> _DATA PROVIDED_
::::
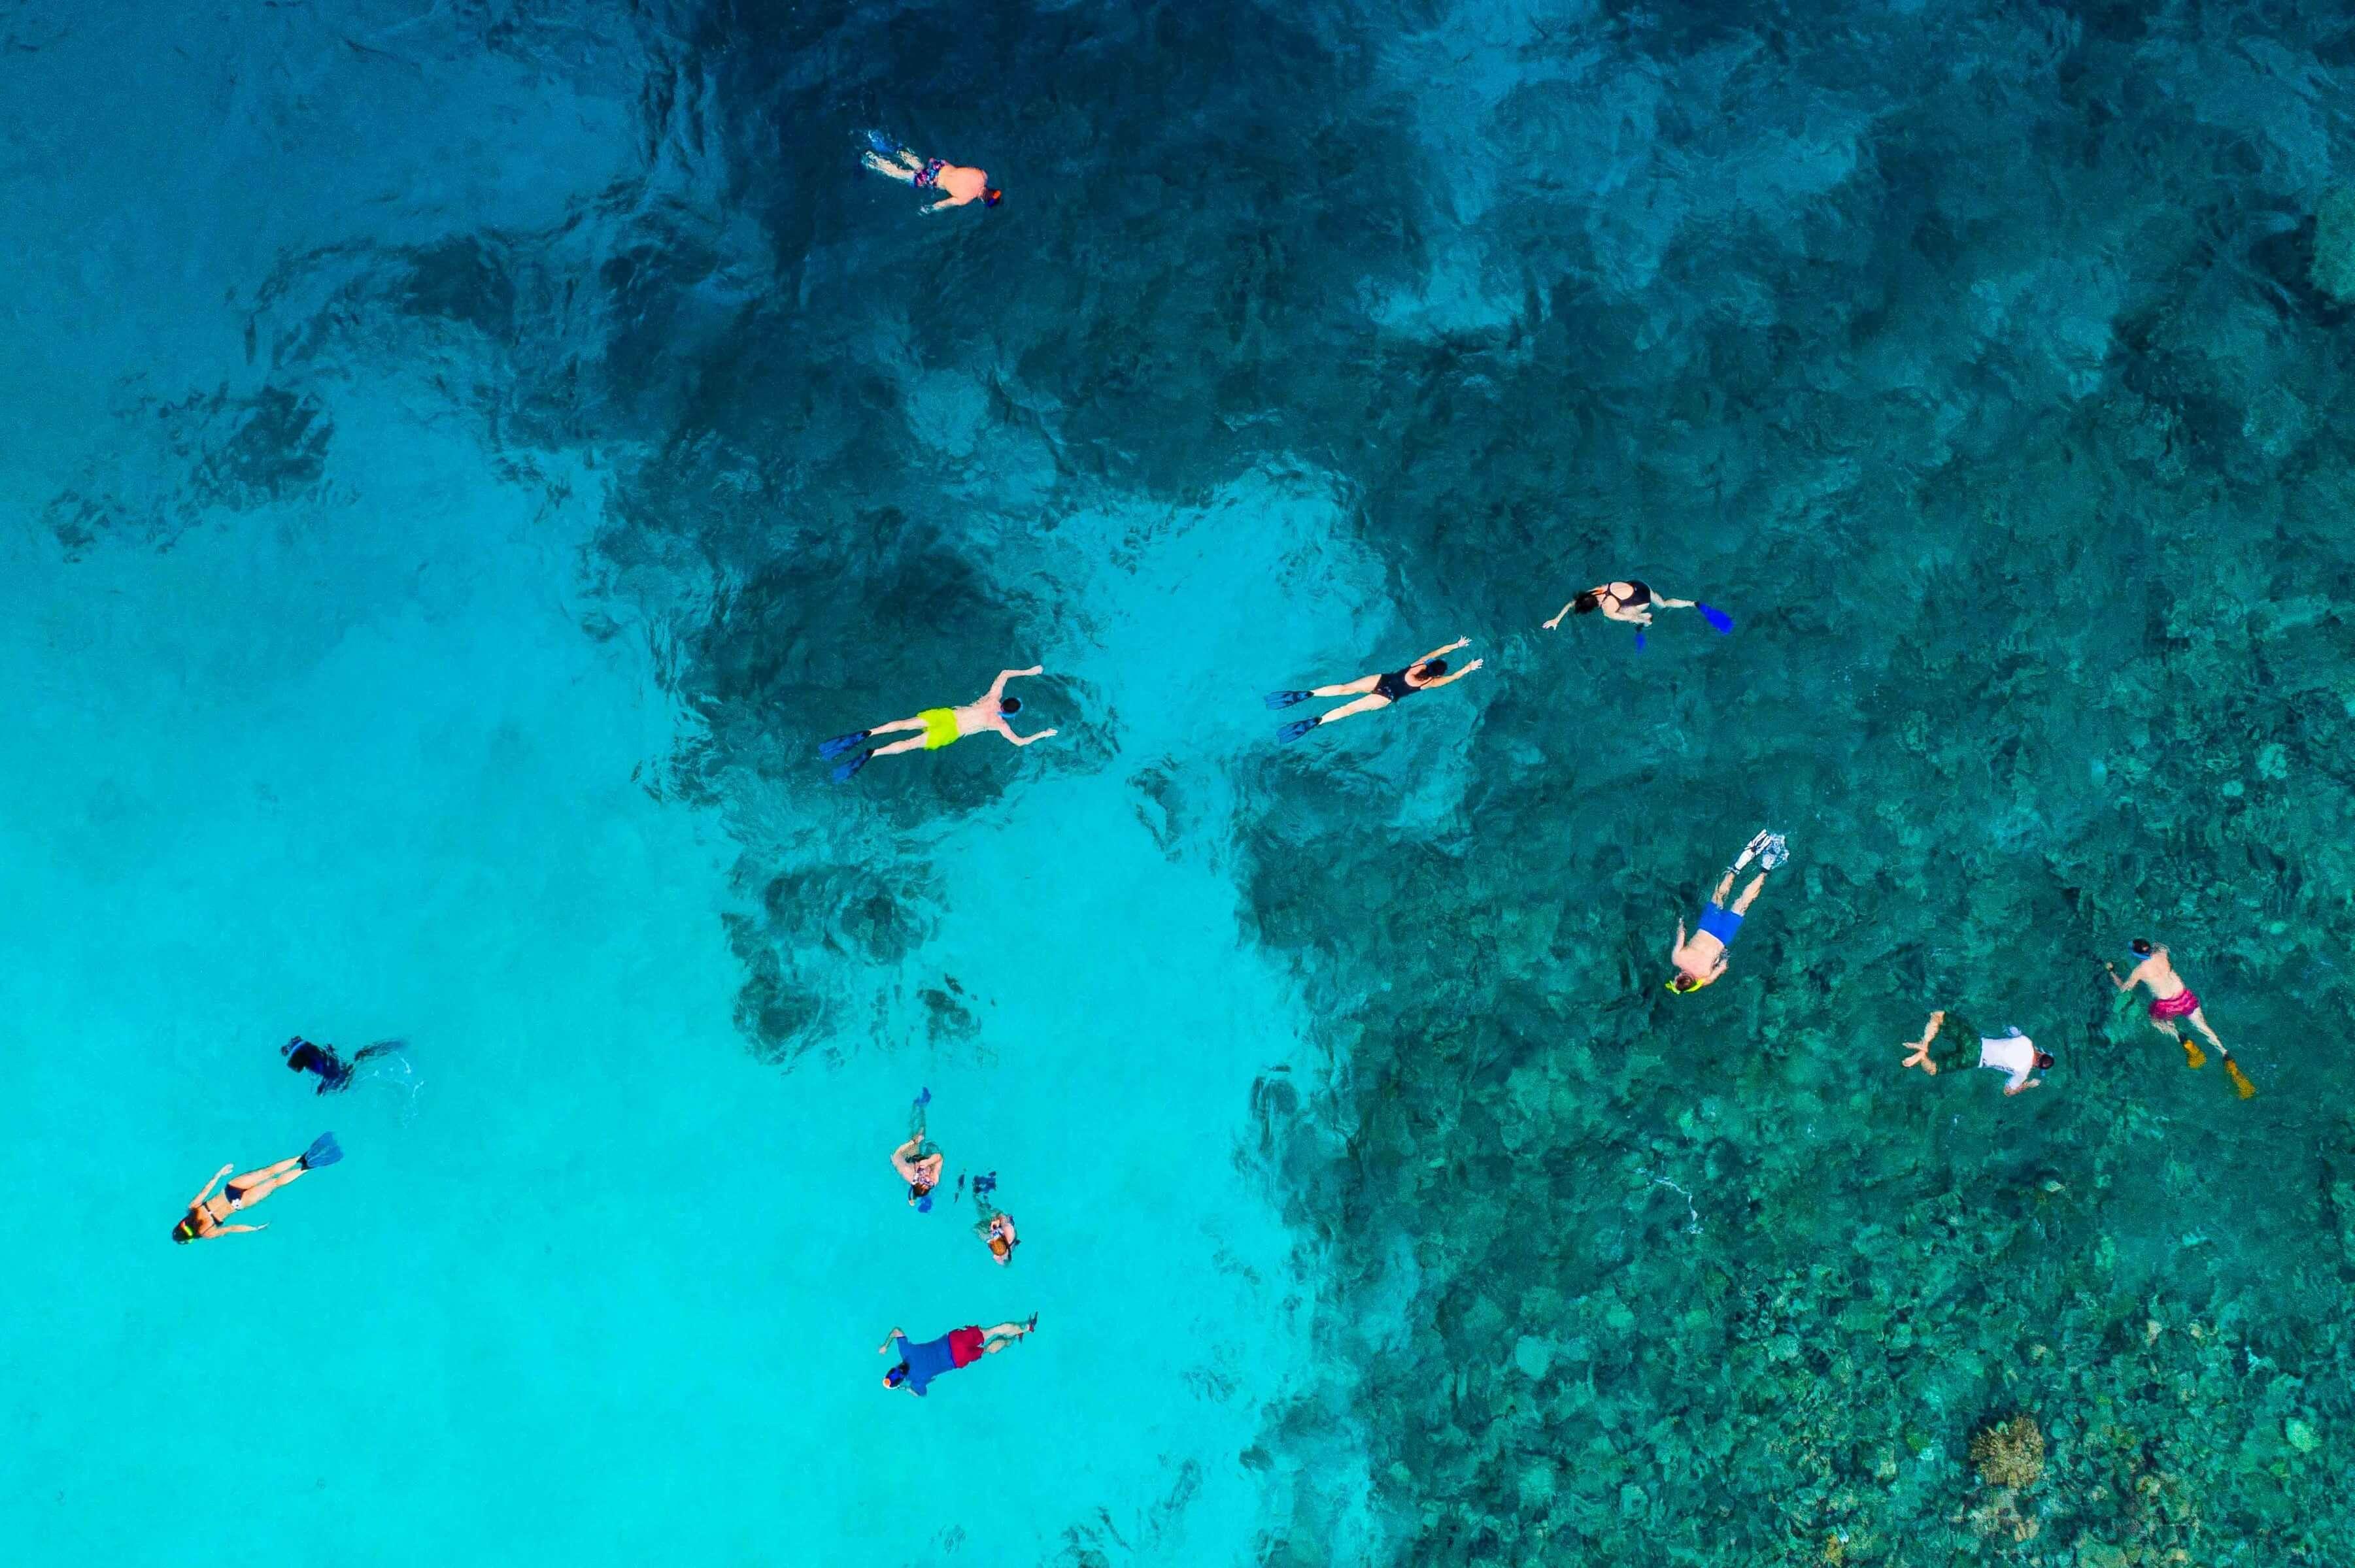 Maldives Day Tours (All-inclusive w/ Price & Itinerary)
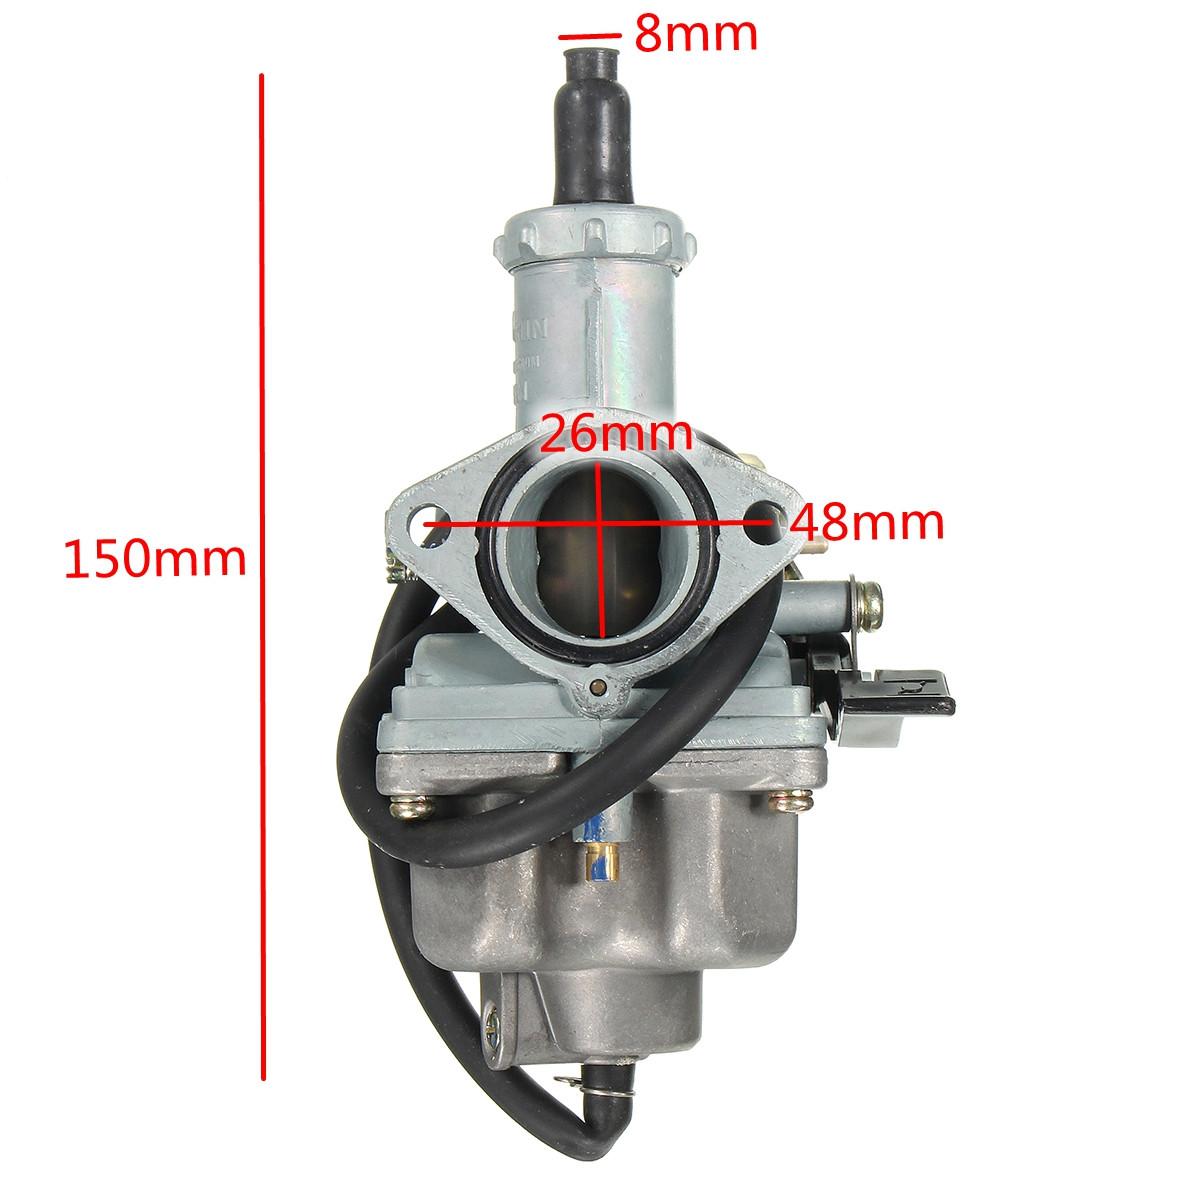 hight resolution of intake 26mm air filter carburetor 38mm carb for honda cb125 cb125s cg125
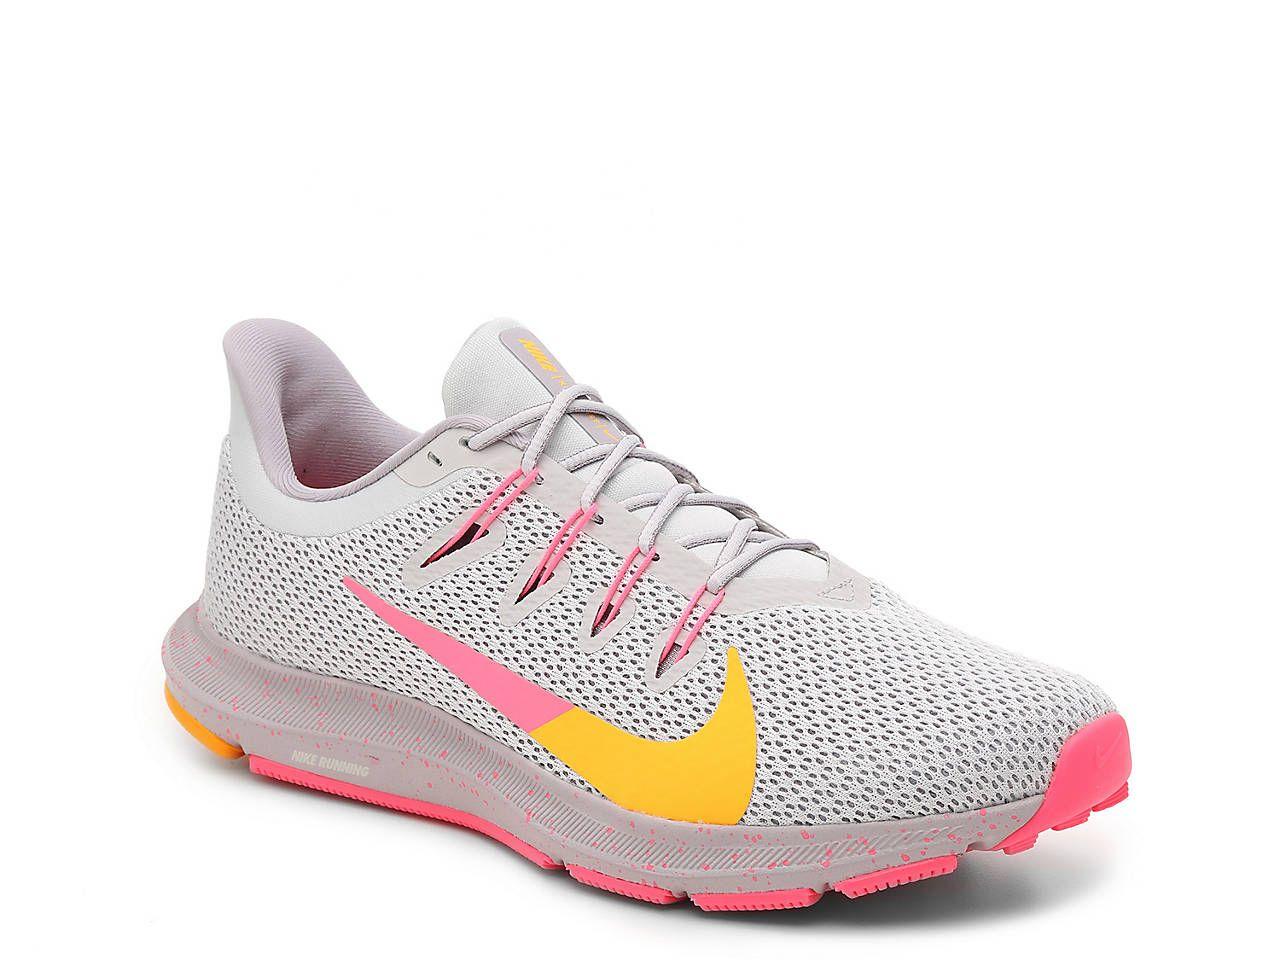 Nike Quest 2 Running Shoe - Women's in
::::
> _ASSIGNED TASK_
Give back the material word for word, leaving out its pictures.

> _EXERCISE RESPONSE_
 Maldives Day Tours (All-inclusive w/ Price & Itinerary)
 hight resolution of intake 26mm air filter carburetor 38mm carb for honda cb125 cb125s cg125
 Nike Quest 2 Running Shoe - Women's in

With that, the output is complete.